Vaibhav Wategaonkar

Personal information
- Full name: Vaibhav Shridhar Wategaonkar
- Born: 30 August 1982 (age 43) Mumbai, Maharashtra, India
- Batting: Left-handed
- Role: Batsman

International information
- National side: Oman;
- T20I debut (cap 17): 19 February 2016 v Hong Kong
- Last T20I: 20 February 2016 v Afghanistan

Career statistics
| Competition | T20I | LA | T20 |
| Matches | 2 | 5 | 12 |
| Runs scored | 14 | 200 | 115 |
| Batting average | 14.00 | 50.00 | 11.50 |
| 100s/50s | 0/0 | 1/0 | 0/0 |
| Top score | 14 | 114* | 30 |
| Balls bowled | – | 18 | – |
| Wickets | – | 1 | – |
| Bowling average | – | 13.00 | – |
| 5 wickets in innings | – | 0 | – |
| 10 wickets in match | – | 0 | – |
| Best bowling | – | 1/13 | – |
| Catches/stumpings | 1/– | 2/– | 6/– |
- Source: CricketArchive, 11 March 2016

= Vaibhav Wategaonkar =

Indian cricketer (born 1982)

Vaibhav Shridhar Wategaonkar (born 30 August 1982) is an Indian-born cricketer who plays for the Oman national cricket team. He has played at List A level for Oman in the 2007 ICC World Cricket League Division Two.

Wategaonkar made his debut against Argentina on 24 November 2007, and helped his team to an 18-run victory with 42 and the wicket of Donnie Forrester.

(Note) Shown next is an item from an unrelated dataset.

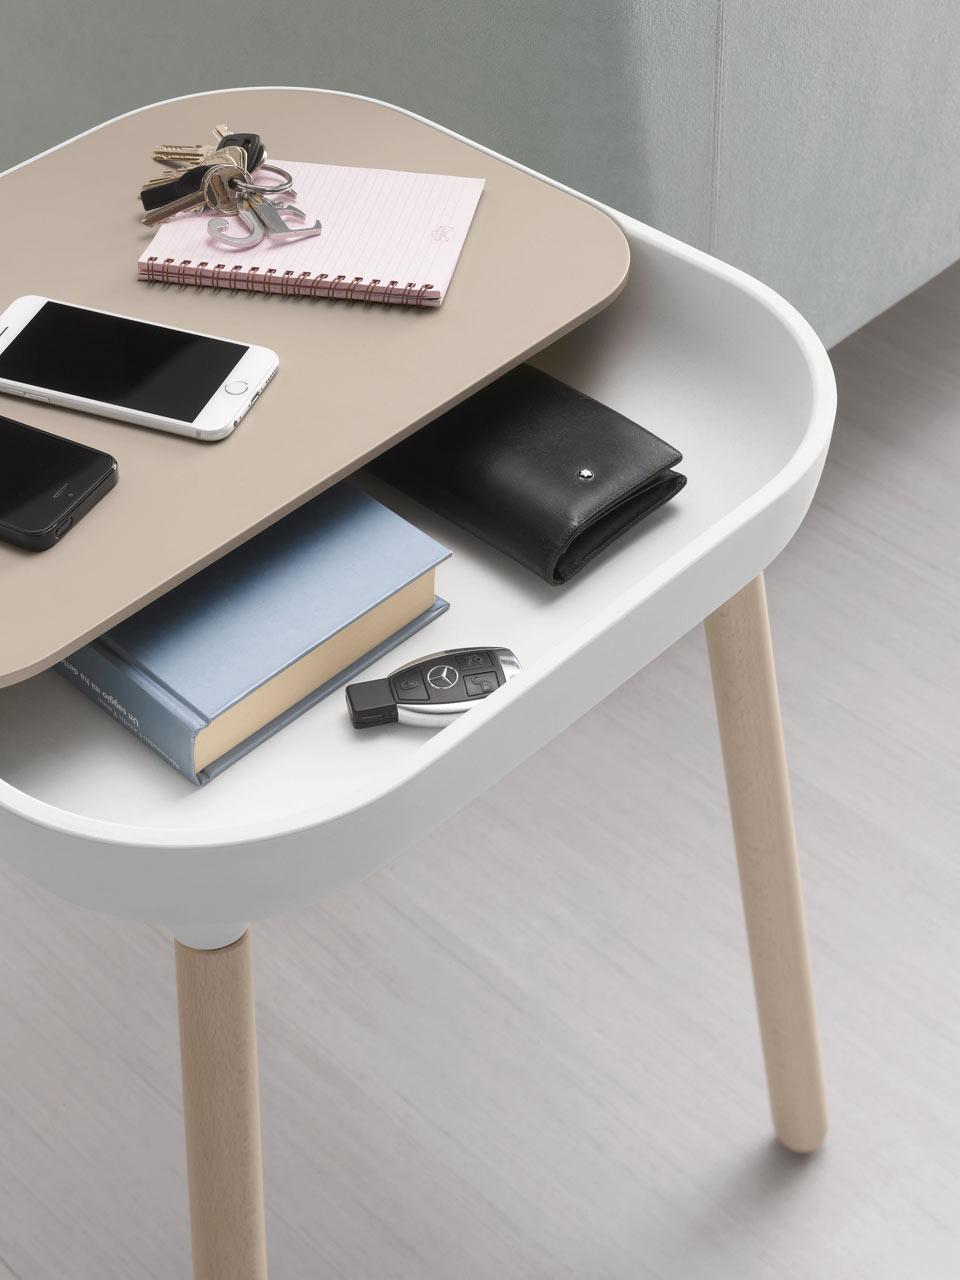 App-Side-Table-hisheji (5)

Two matches later, against Namibia, Wategaonkar made his maiden List A century with an unbeaten 114, becoming man of the match in a two-wicket Oman win.

He made his Twenty20 International debut for Oman against Hong Kong in the 2016 Asia Cup Qualifier on 19 February 2016.

In January 2018, he was named in Oman's squad for the 2018 ICC World Cricket League Division Two tournament, and in August 2018, for the 2018 Asia Cup Qualifier tournament.